> [Work item]:
How many lines of the data hold the word "della"? State the number and nothing else.

..............................

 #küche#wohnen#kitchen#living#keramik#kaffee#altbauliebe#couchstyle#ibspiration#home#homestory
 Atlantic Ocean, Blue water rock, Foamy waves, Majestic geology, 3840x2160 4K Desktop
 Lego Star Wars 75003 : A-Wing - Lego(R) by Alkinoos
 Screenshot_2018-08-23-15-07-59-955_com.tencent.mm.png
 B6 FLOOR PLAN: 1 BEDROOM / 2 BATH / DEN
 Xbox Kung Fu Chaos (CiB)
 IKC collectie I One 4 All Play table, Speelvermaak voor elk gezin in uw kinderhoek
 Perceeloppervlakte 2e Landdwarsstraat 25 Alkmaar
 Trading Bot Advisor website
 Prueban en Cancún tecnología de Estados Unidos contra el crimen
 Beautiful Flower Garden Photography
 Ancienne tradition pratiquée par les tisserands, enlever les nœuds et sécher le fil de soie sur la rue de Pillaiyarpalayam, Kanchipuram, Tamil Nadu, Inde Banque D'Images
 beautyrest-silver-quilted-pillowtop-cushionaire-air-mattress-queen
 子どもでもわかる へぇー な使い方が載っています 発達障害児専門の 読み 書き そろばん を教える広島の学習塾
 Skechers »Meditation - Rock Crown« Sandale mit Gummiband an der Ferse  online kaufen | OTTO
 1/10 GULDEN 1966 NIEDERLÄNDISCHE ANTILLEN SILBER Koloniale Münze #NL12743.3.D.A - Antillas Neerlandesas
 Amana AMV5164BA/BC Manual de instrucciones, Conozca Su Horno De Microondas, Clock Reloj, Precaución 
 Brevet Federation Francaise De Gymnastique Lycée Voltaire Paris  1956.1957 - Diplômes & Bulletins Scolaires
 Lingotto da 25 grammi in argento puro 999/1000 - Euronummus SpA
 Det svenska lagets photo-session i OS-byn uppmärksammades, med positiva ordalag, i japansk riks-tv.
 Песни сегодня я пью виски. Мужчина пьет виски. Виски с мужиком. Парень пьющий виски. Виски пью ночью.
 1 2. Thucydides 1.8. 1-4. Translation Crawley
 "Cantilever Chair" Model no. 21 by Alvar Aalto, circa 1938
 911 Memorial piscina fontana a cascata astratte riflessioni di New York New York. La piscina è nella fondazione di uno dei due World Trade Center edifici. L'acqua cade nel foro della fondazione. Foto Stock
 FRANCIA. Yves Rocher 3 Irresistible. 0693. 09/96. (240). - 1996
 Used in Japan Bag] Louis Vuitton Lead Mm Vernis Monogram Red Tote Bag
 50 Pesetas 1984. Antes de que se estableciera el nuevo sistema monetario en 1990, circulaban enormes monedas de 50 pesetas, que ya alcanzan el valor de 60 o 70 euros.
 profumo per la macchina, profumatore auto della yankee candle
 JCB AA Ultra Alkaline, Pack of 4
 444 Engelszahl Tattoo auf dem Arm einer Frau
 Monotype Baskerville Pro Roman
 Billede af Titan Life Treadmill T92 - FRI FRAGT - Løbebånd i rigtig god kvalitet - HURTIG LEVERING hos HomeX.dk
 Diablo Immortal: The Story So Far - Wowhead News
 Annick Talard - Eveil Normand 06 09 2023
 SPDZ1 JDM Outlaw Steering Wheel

..............................

> [Output below]:
2